**What is needed**. Reproduce exactly, with no pictures, each line from the opening of the material down through the line containing "Stupa Boudna Boudhha".

**Recorded data**.
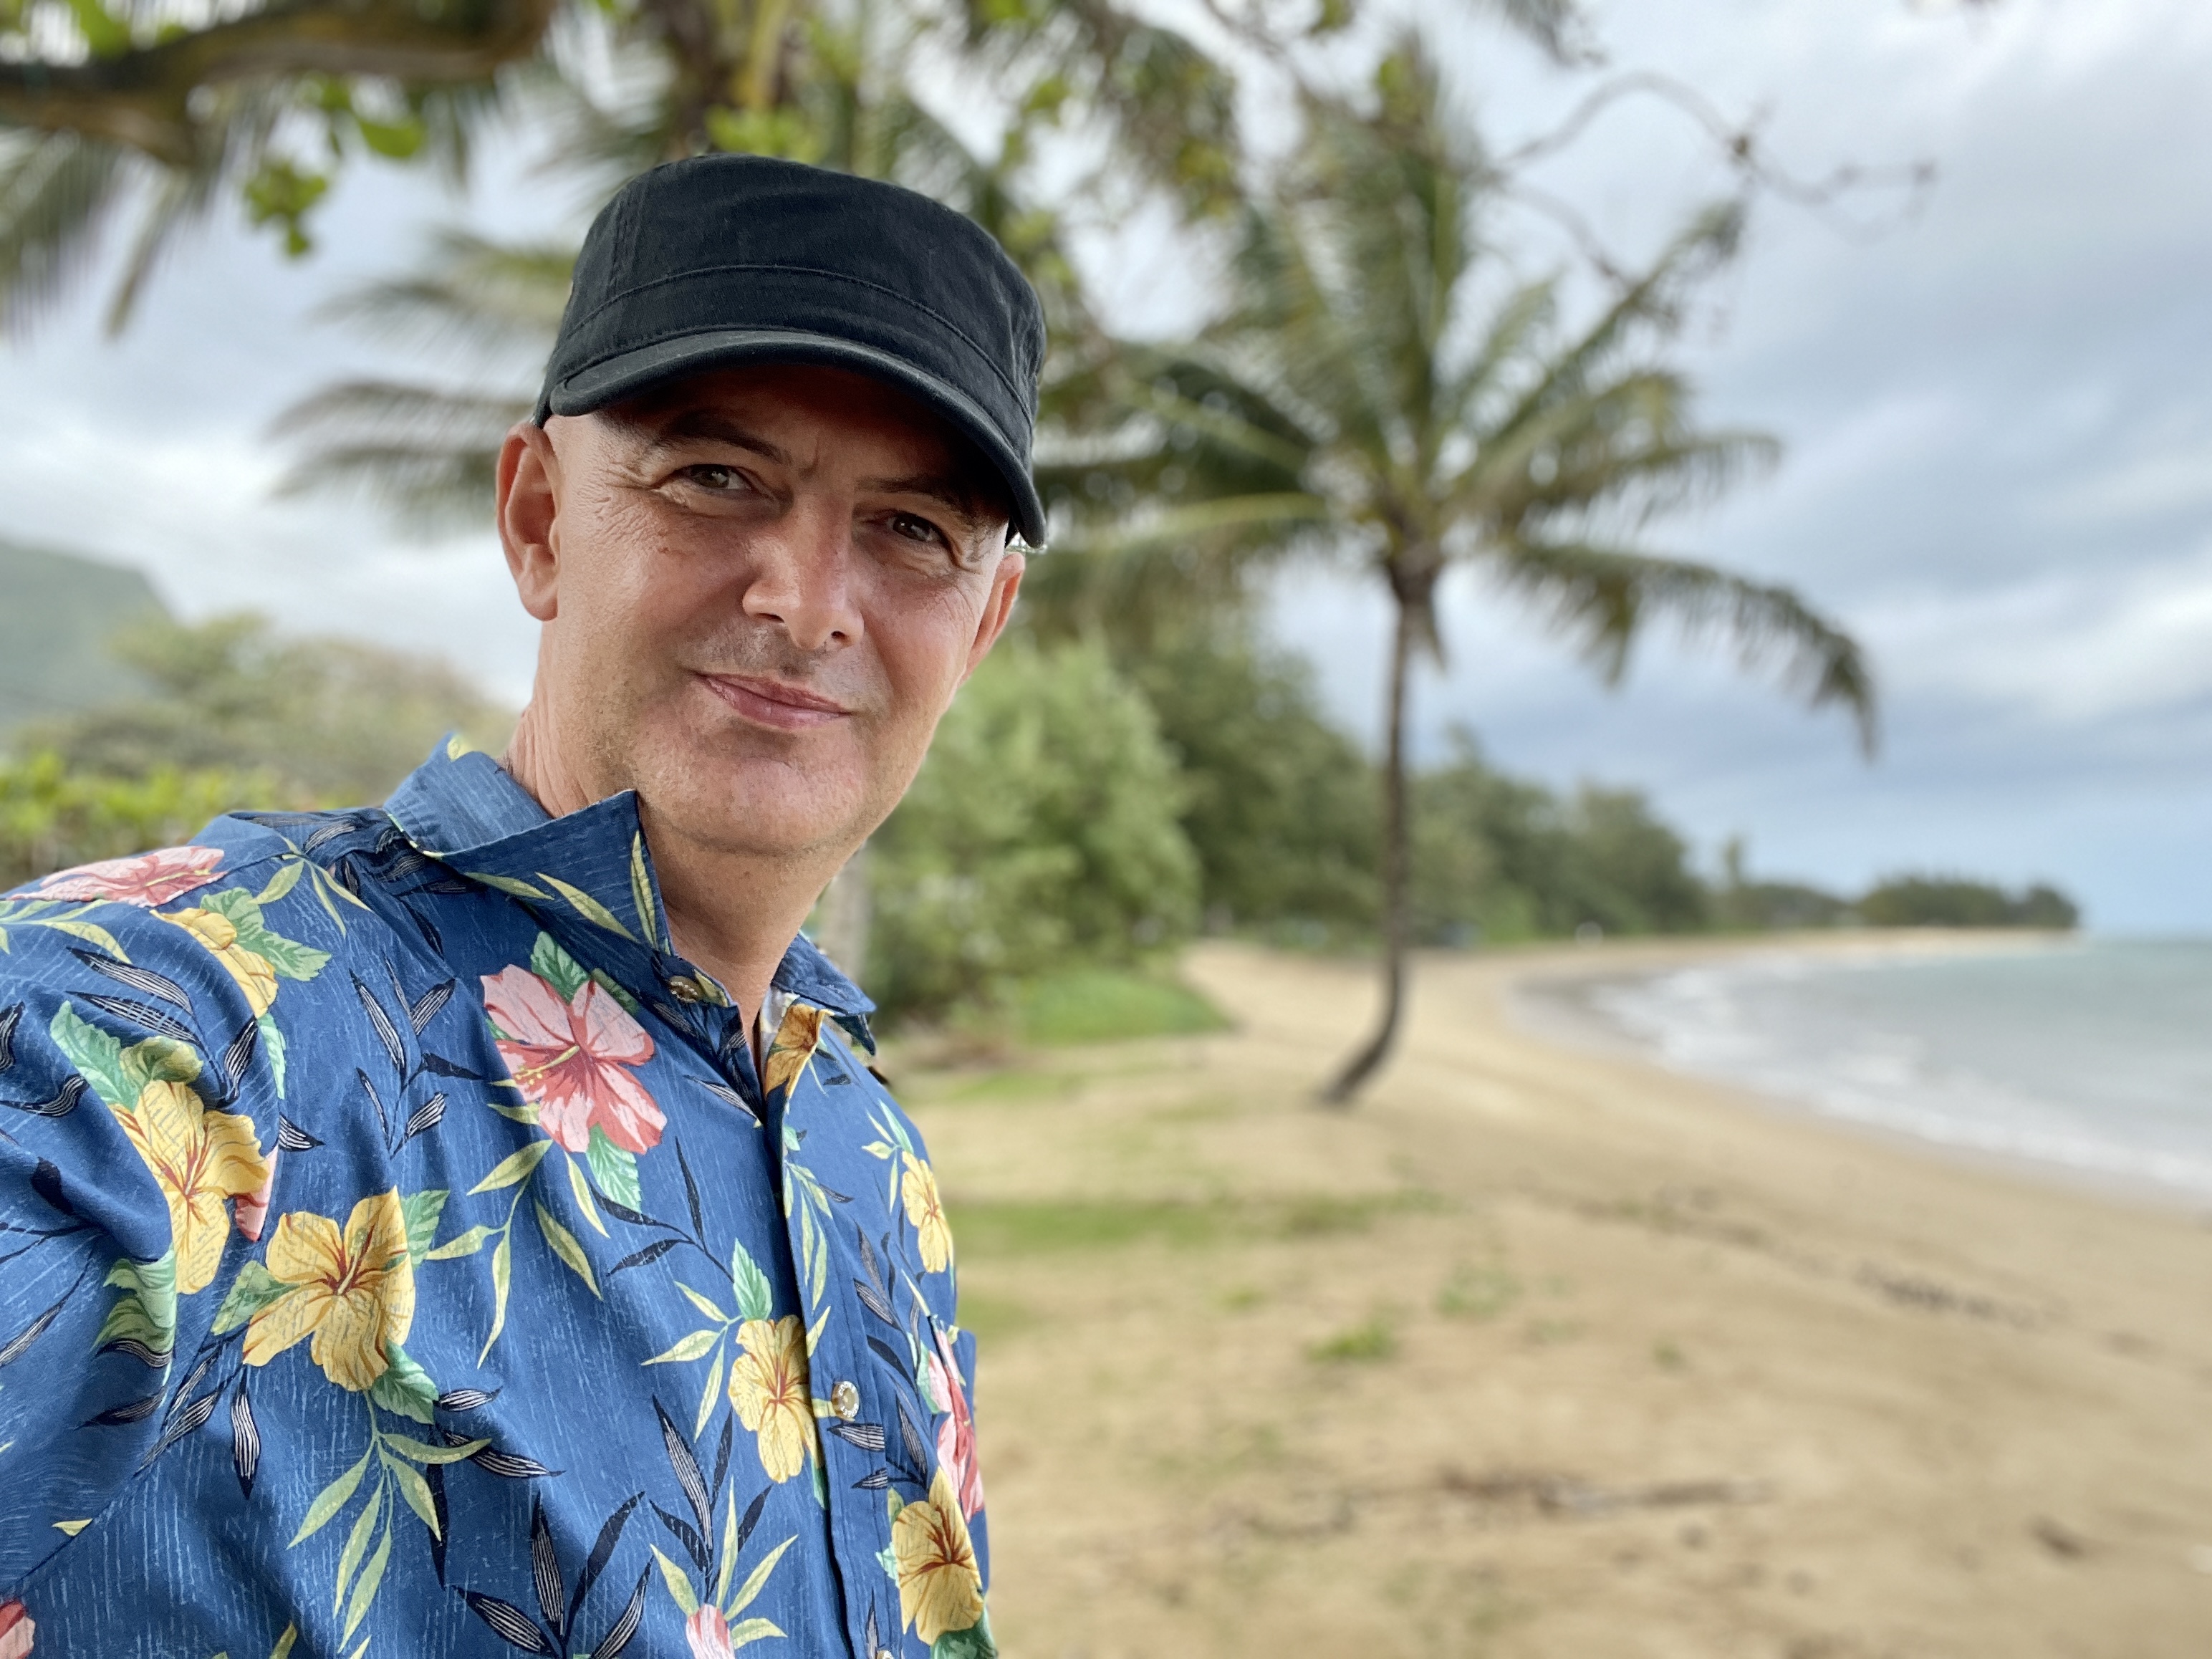 Vujity Tvrtko száz napig itthon lesz, visszaköltözött Hawaiiiról - Blikk
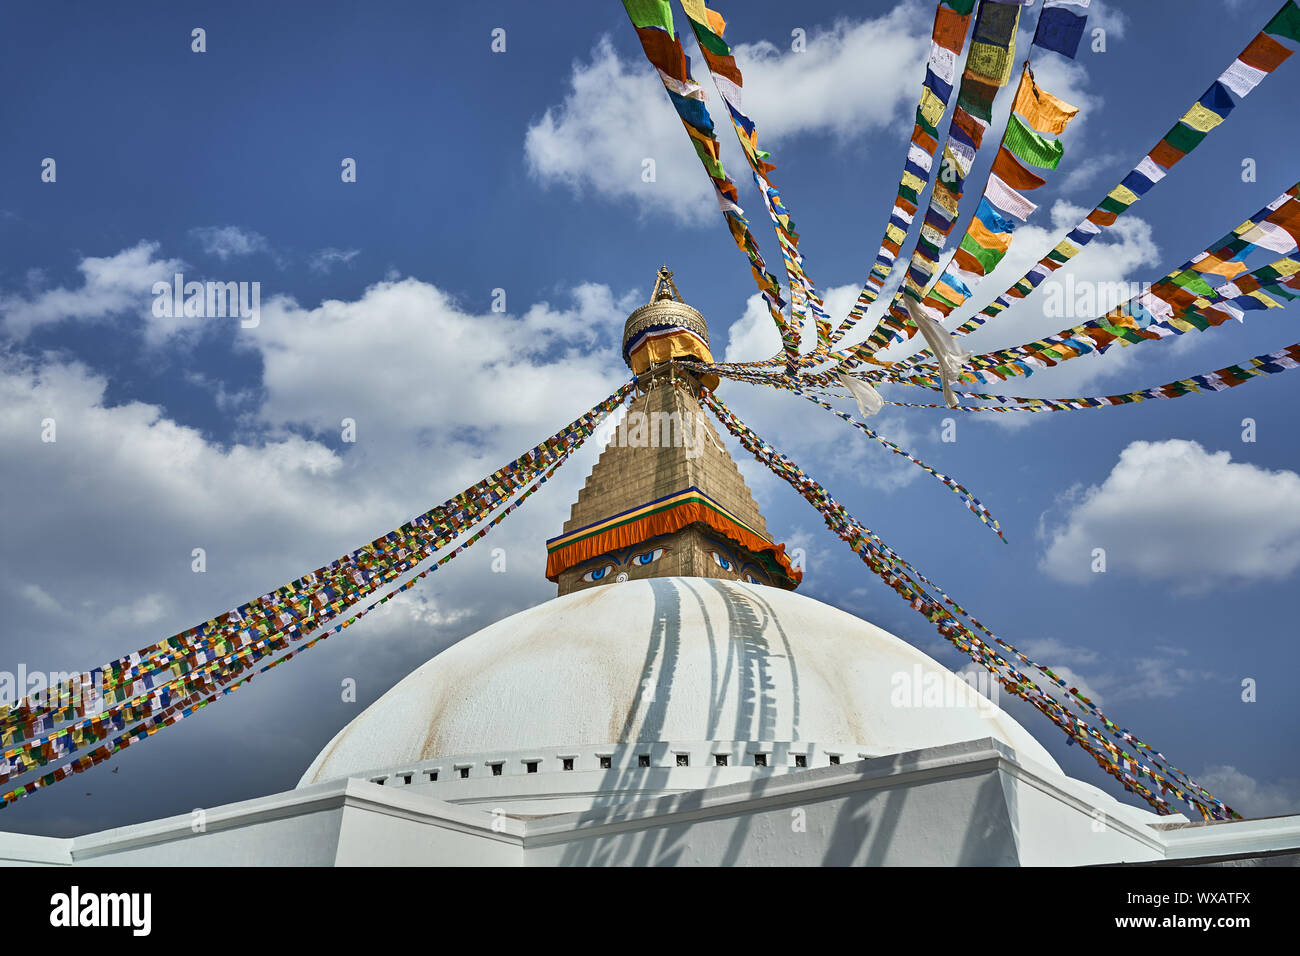 Stupa Boudna Boudhha in Kathmandu - Nepal Stock Photo
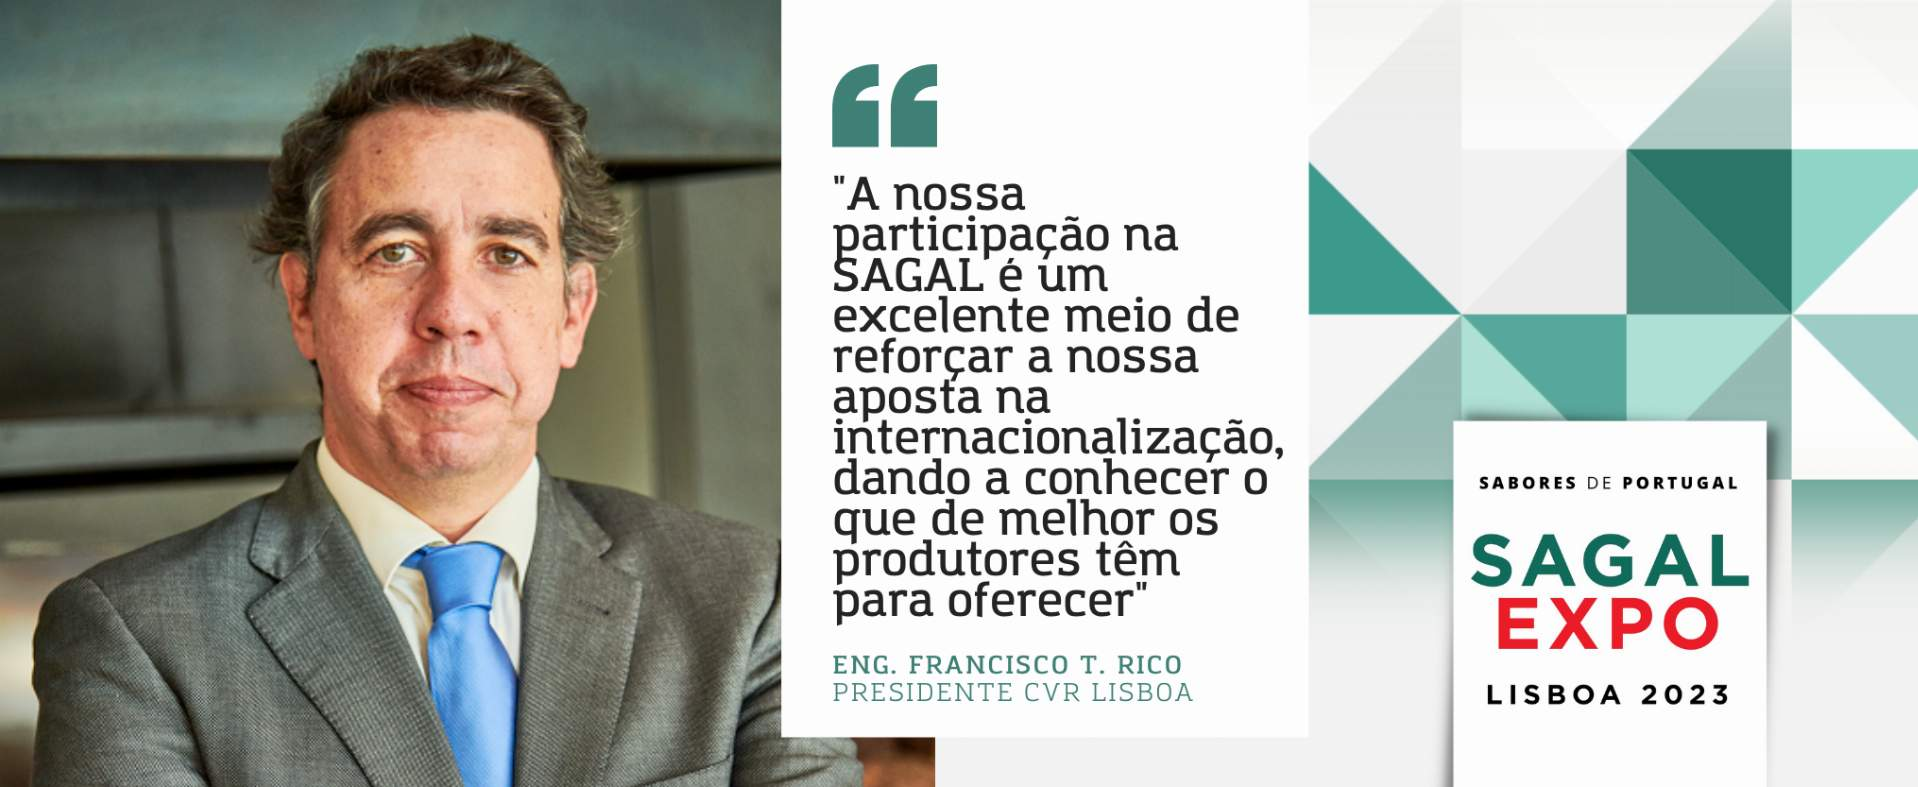 CVR Lisboa: "A nossa participação na SAGAL é um excelente meio de reforçar a nossa aposta na internacionalização, dando a conhecer o que de melhor os produtores têm para oferecer"

**Exercise response**.
 Vujity Tvrtko száz napig itthon lesz, visszaköltözött Hawaiiiról - Blikk
 Stupa Boudna Boudhha in Kathmandu - Nepal Stock Photo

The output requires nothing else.